INFORMATION SUPPLIED:
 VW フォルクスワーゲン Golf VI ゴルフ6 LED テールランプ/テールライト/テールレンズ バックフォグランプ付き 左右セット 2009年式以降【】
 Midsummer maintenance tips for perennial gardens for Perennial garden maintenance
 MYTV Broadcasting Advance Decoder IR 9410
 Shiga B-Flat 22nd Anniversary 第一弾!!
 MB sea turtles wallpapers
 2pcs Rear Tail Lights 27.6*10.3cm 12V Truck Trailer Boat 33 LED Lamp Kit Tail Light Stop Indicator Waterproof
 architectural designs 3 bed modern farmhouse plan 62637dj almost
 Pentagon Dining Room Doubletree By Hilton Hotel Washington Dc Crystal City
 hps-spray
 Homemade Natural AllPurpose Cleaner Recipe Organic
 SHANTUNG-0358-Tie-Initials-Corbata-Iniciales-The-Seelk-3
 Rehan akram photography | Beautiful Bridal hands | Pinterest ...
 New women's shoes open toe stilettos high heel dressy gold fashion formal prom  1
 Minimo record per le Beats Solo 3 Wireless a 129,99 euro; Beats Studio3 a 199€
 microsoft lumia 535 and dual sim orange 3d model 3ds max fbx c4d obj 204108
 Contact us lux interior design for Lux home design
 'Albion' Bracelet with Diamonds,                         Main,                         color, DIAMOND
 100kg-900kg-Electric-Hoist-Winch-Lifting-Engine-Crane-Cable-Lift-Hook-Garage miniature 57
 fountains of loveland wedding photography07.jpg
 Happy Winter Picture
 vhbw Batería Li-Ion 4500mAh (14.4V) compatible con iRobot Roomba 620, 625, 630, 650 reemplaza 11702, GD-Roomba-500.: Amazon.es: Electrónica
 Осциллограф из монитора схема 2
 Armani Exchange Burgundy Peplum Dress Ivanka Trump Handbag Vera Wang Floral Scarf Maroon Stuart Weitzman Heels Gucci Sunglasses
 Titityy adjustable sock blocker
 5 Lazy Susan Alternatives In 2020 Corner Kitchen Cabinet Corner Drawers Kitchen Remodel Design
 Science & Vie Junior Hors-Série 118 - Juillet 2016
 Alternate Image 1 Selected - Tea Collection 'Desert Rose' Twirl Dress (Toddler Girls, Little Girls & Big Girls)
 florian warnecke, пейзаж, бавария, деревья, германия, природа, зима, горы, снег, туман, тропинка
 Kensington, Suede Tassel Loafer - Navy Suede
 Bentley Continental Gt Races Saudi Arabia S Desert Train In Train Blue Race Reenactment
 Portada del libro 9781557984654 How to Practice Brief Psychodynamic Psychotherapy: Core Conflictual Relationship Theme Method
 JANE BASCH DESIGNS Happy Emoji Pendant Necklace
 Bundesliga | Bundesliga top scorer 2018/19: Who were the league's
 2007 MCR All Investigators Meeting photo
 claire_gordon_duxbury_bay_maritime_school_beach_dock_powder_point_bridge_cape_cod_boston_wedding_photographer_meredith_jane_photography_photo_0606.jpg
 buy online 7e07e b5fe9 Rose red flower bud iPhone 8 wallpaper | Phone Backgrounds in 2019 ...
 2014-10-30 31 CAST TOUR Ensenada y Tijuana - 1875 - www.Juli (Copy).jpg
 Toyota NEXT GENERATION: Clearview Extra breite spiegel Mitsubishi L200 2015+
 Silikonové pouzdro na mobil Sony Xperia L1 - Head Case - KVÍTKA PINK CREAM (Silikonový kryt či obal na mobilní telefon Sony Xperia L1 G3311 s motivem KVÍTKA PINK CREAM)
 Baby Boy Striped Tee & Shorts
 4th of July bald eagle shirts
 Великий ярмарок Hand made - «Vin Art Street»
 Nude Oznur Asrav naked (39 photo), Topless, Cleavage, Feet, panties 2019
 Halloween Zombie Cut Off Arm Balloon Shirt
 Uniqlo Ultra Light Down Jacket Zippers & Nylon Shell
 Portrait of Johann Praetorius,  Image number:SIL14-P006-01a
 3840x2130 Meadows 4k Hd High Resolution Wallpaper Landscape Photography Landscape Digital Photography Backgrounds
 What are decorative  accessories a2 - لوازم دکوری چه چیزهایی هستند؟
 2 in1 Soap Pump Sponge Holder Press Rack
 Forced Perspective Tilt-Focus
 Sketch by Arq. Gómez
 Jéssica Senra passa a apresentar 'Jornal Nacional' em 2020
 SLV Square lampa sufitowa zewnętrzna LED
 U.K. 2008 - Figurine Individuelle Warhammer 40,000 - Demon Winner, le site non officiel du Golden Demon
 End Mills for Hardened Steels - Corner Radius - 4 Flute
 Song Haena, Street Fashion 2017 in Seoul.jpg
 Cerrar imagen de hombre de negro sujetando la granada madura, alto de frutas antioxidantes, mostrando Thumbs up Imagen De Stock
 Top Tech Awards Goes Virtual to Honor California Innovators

AIM OF THE TASK:
Your output is to be the lines of the listing, exact and complete, starting at the first and ending with the line that contains "2pcs Rear Tail".

RESPONSE TO THIS EXERCISE:
 VW フォルクスワーゲン Golf VI ゴルフ6 LED テールランプ/テールライト/テールレンズ バックフォグランプ付き 左右セット 2009年式以降【】
 Midsummer maintenance tips for perennial gardens for Perennial garden maintenance
 MYTV Broadcasting Advance Decoder IR 9410
 Shiga B-Flat 22nd Anniversary 第一弾!!
 MB sea turtles wallpapers
 2pcs Rear Tail Lights 27.6*10.3cm 12V Truck Trailer Boat 33 LED Lamp Kit Tail Light Stop Indicator Waterproof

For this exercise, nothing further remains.